PROVIDED MATERIAL →
_____
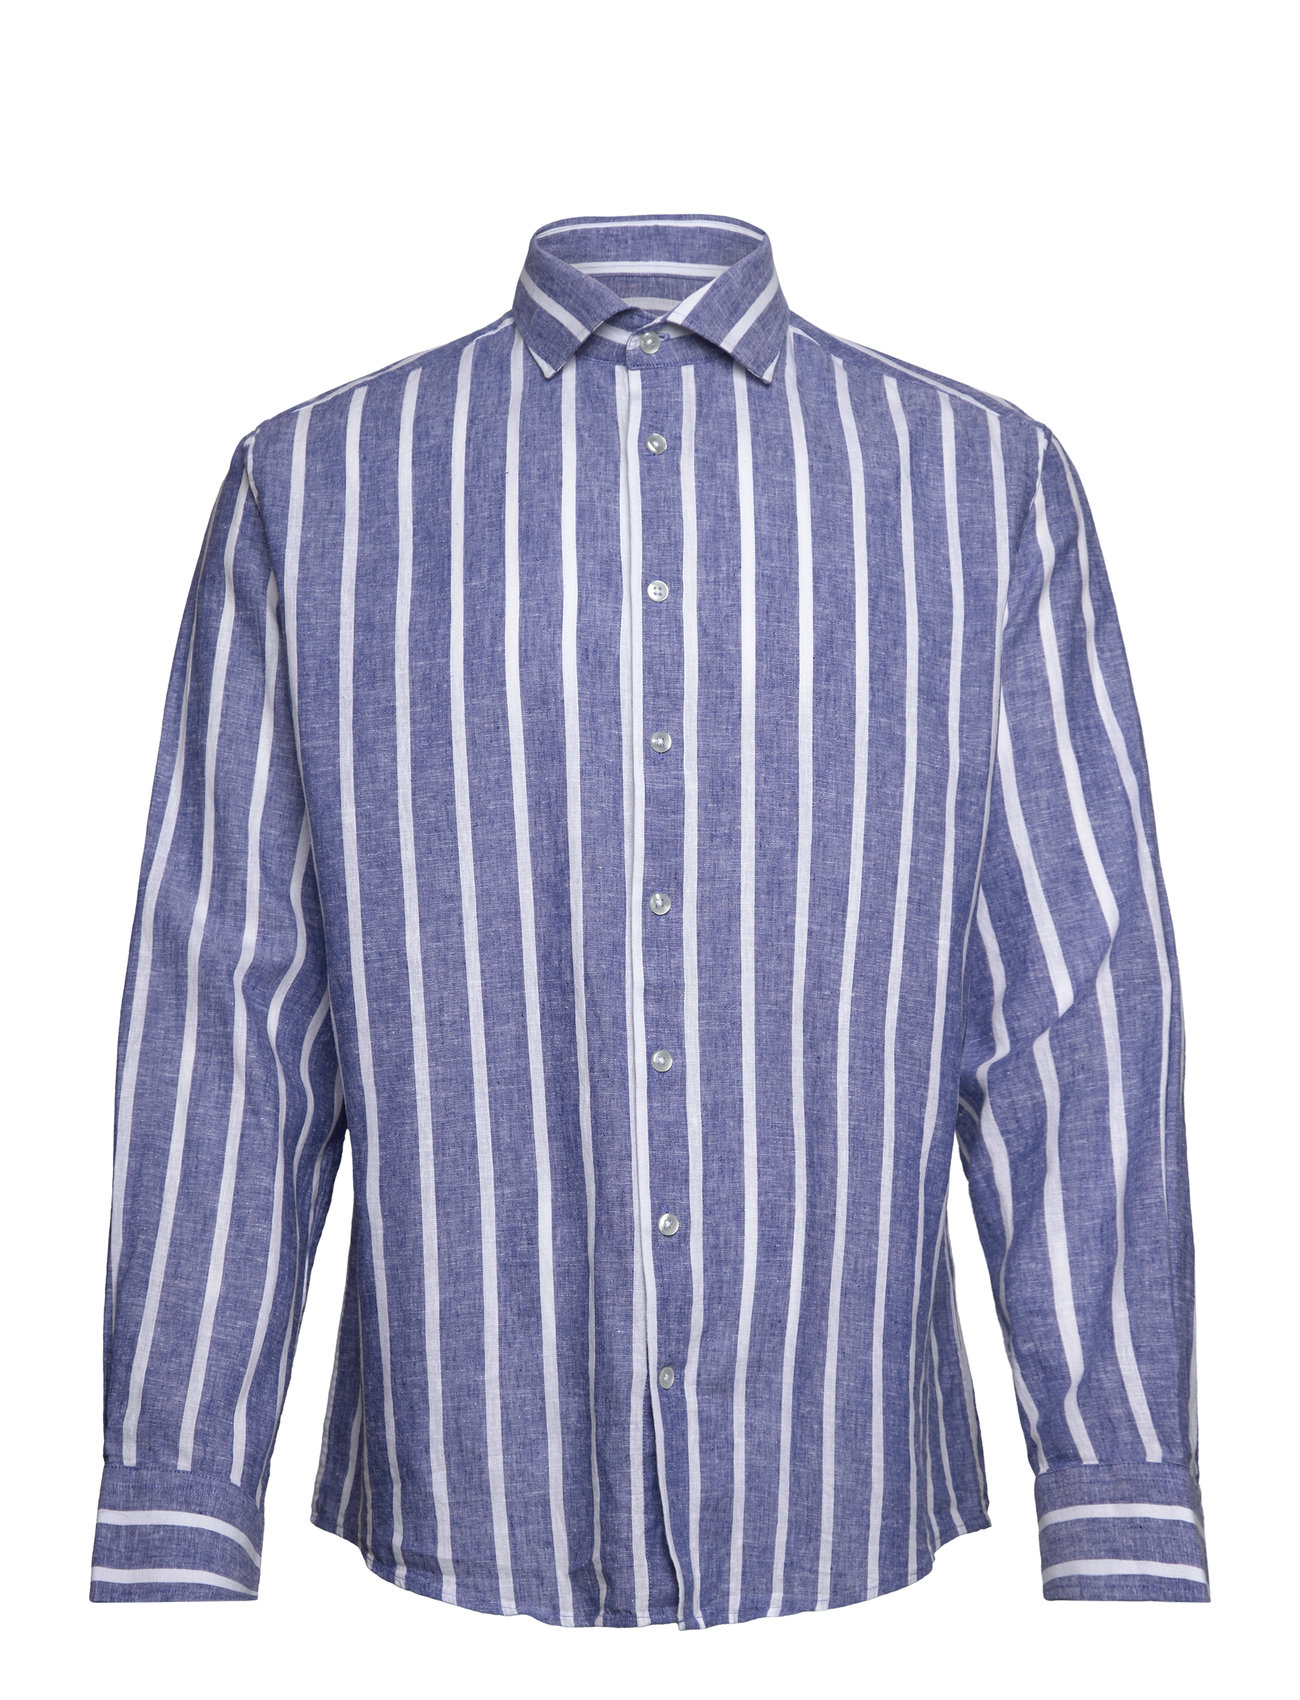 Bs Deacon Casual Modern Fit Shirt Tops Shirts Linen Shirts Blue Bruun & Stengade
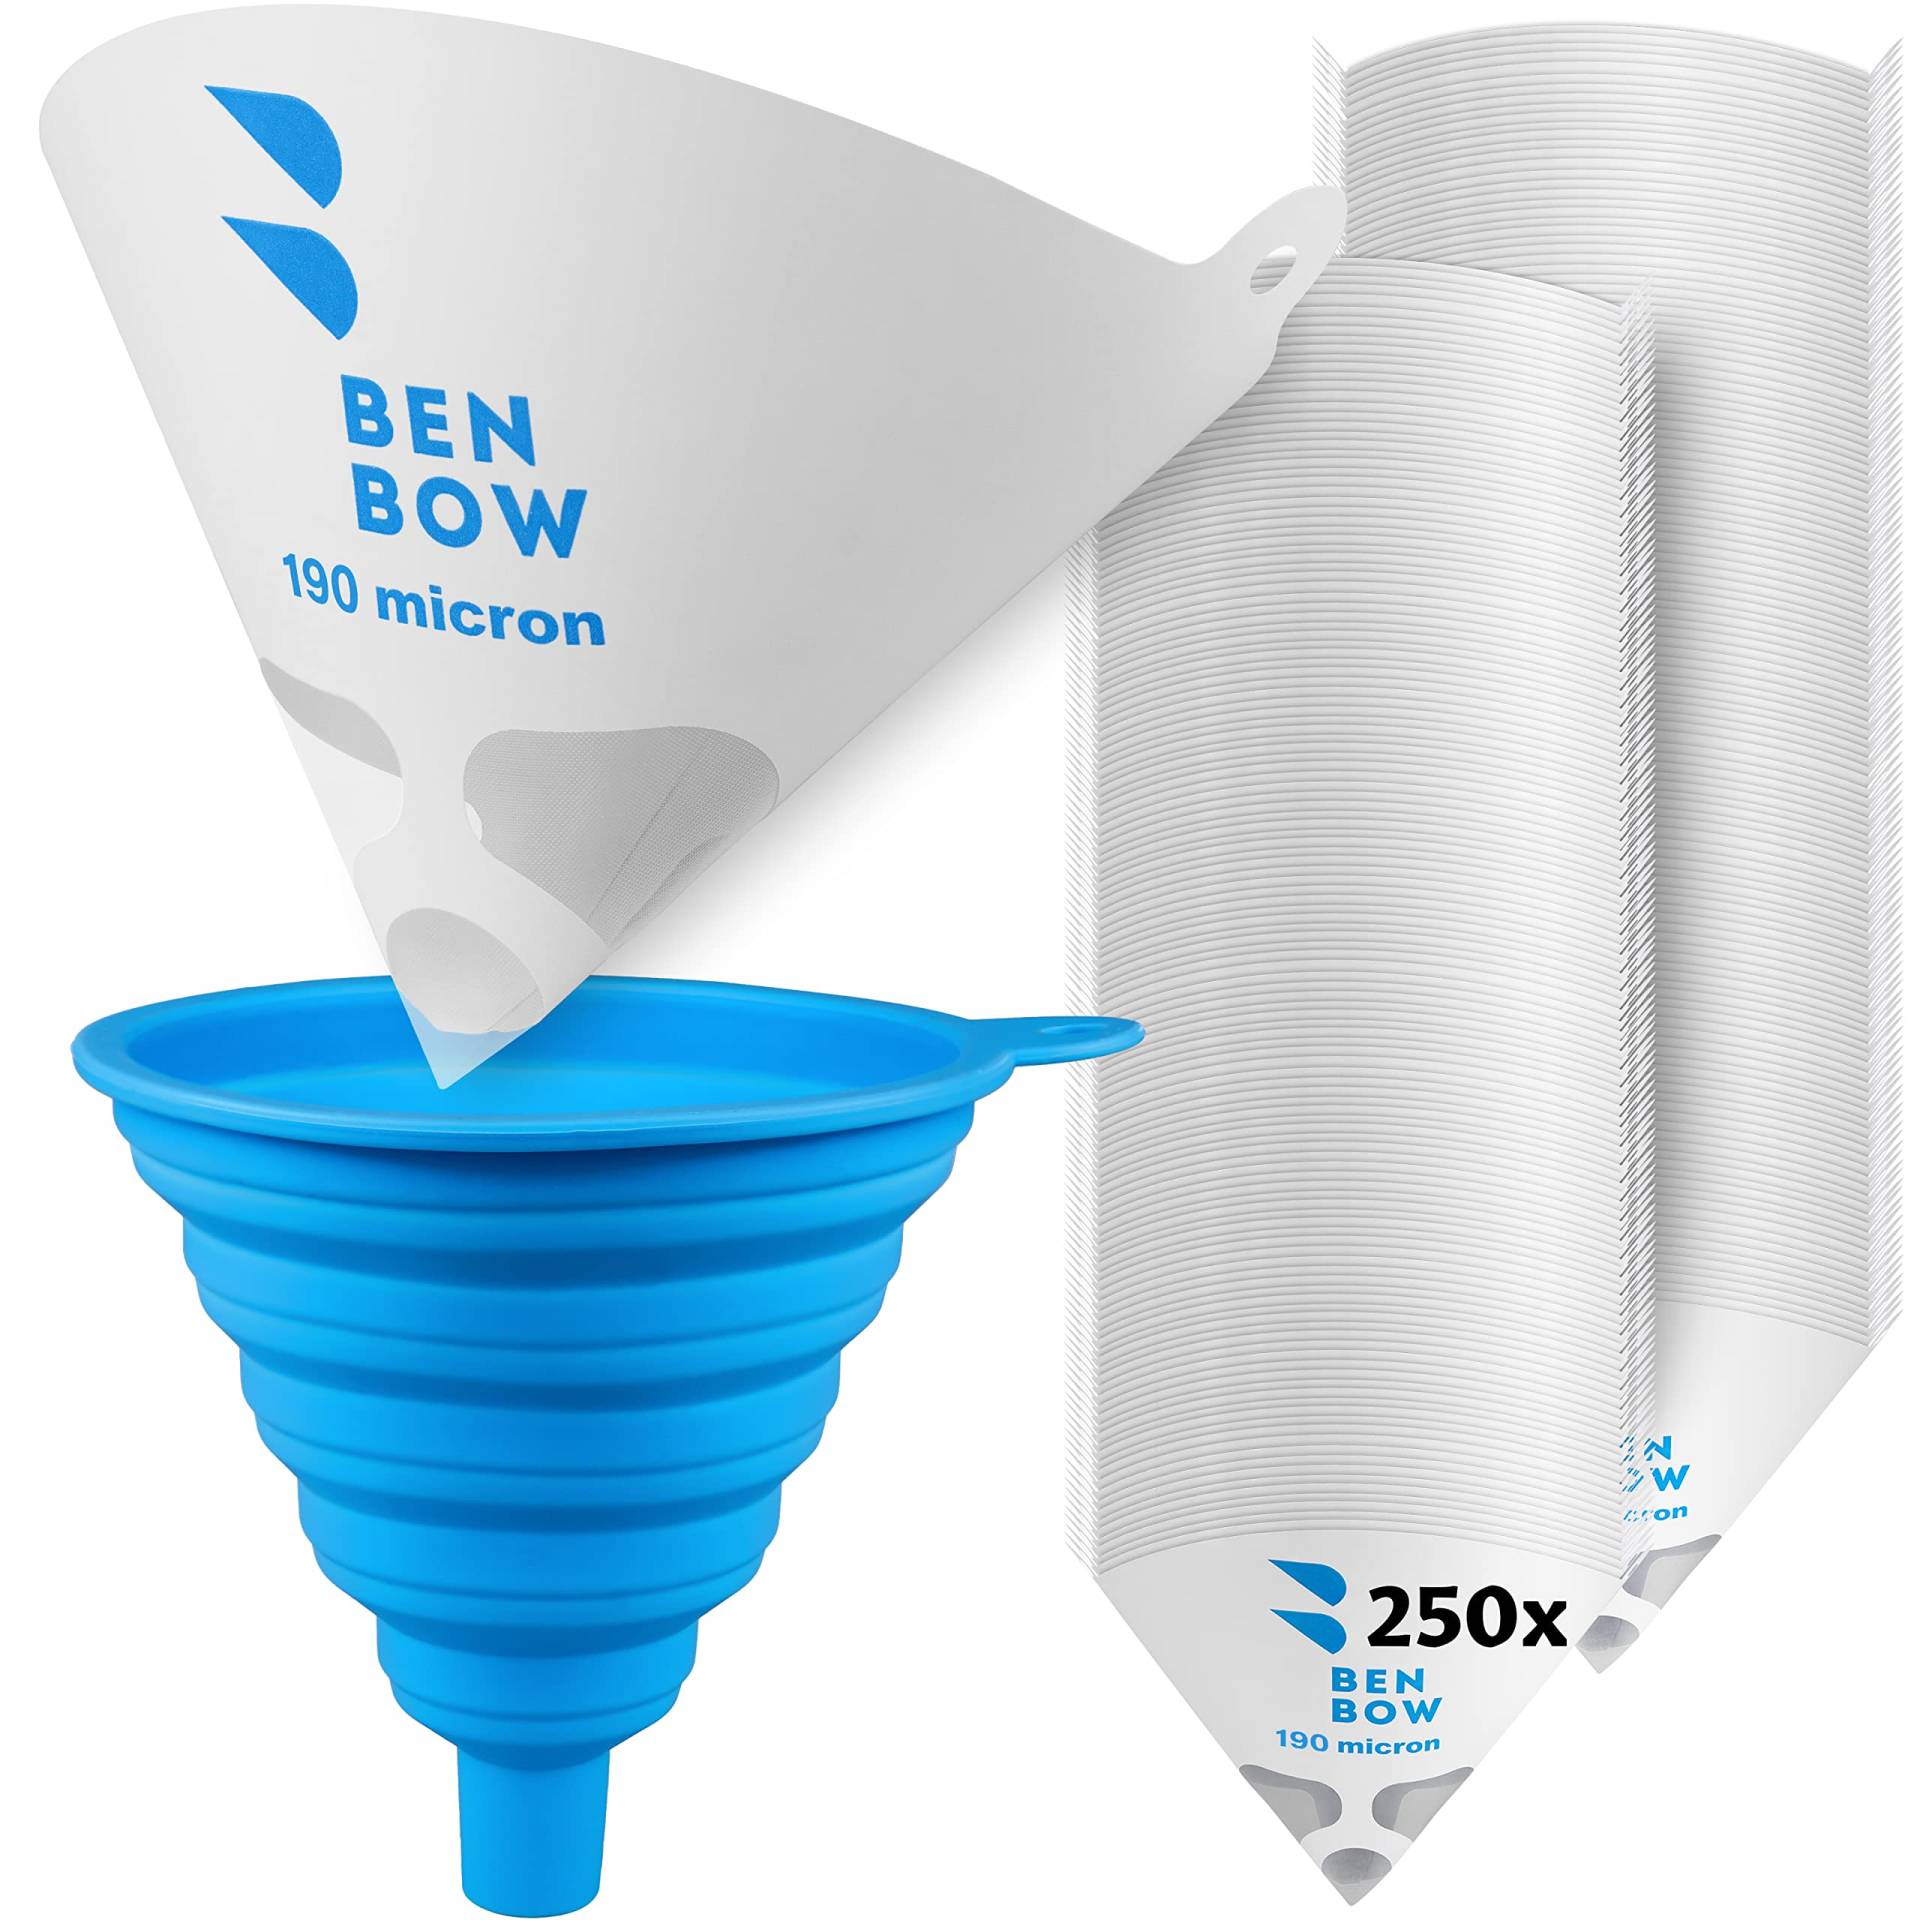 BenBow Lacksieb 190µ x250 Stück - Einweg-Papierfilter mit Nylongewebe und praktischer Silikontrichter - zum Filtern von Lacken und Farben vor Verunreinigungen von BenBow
_____
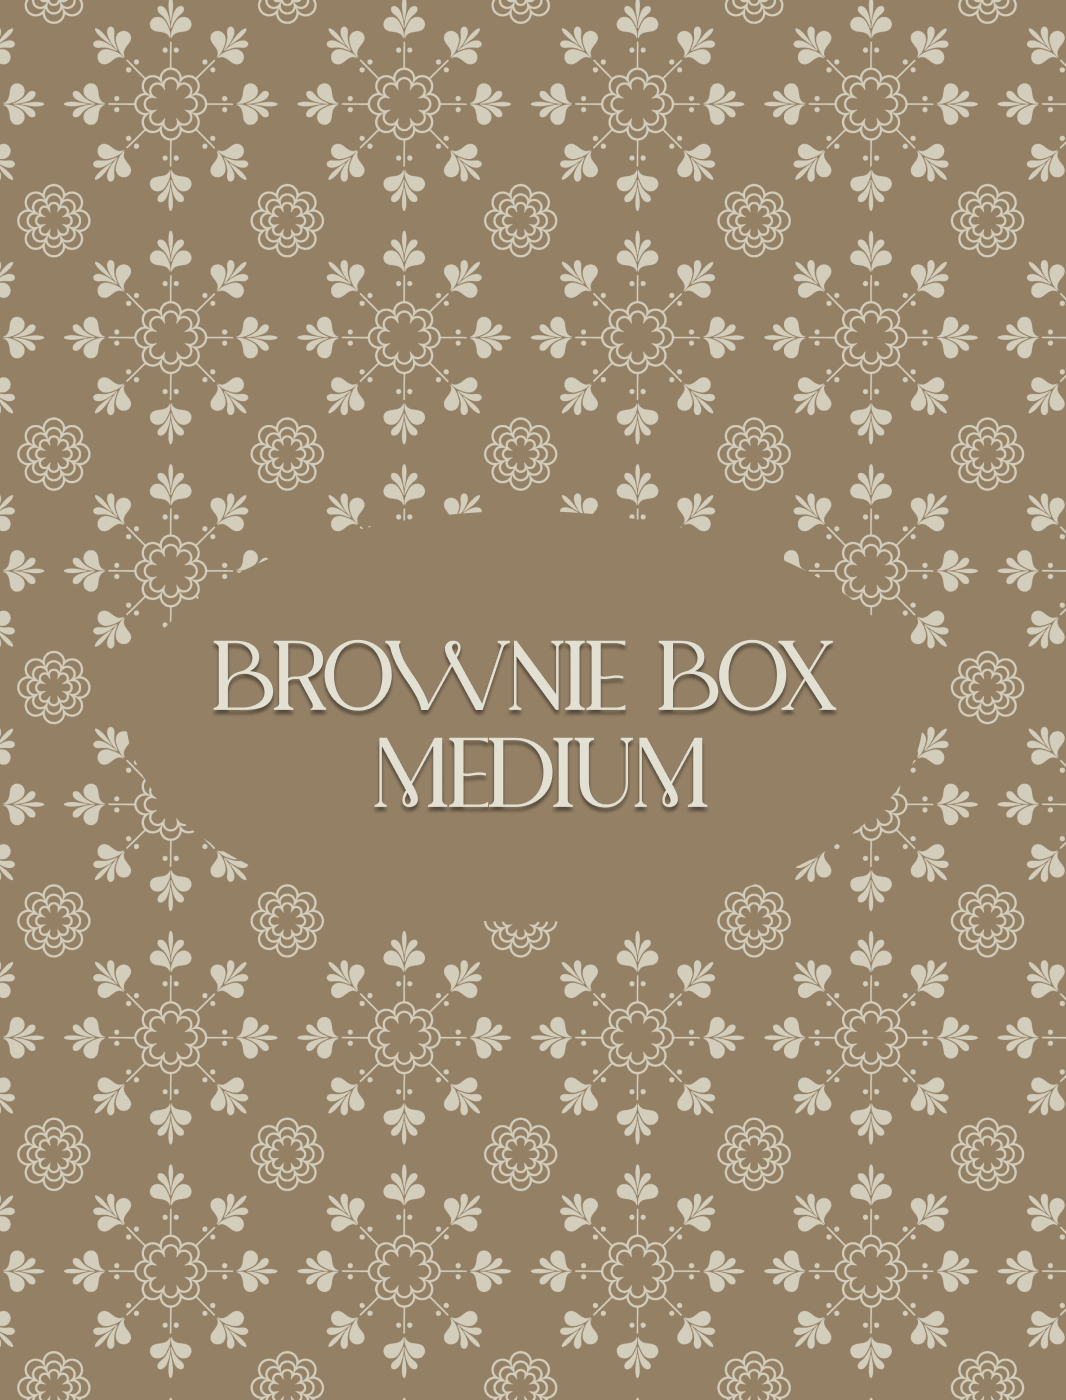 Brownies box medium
_____
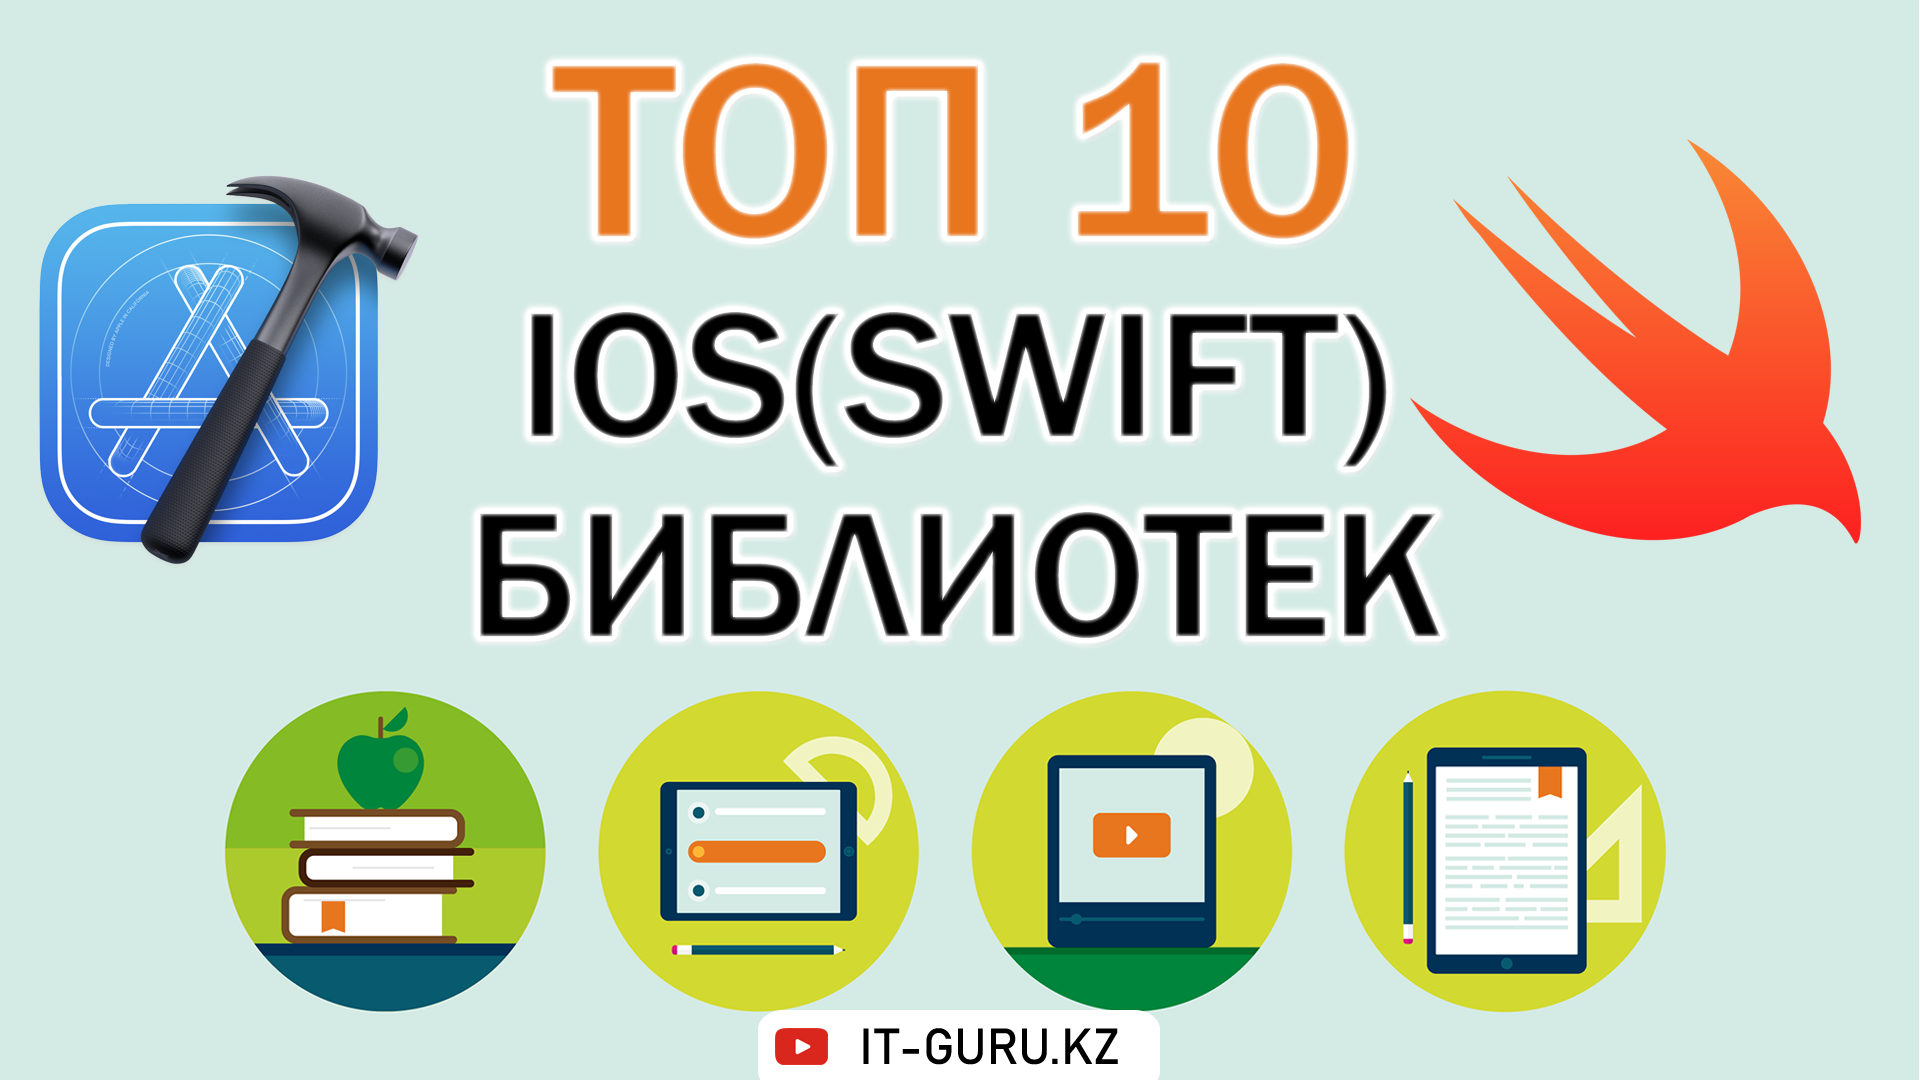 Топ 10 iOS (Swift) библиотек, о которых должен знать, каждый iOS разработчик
_____
EXERCISE DESCRIPTION → In the listing above, find the line with "Bs Deacon Casual" and the line with "BenBow Lacksieb 190µ". Output both, plus every line between them, and no pictures.

ANSWER SPACE →
 Bs Deacon Casual Modern Fit Shirt Tops Shirts Linen Shirts Blue Bruun & Stengade
 BenBow Lacksieb 190µ x250 Stück - Einweg-Papierfilter mit Nylongewebe und praktischer Silikontrichter - zum Filtern von Lacken und Farben vor Verunreinigungen von BenBow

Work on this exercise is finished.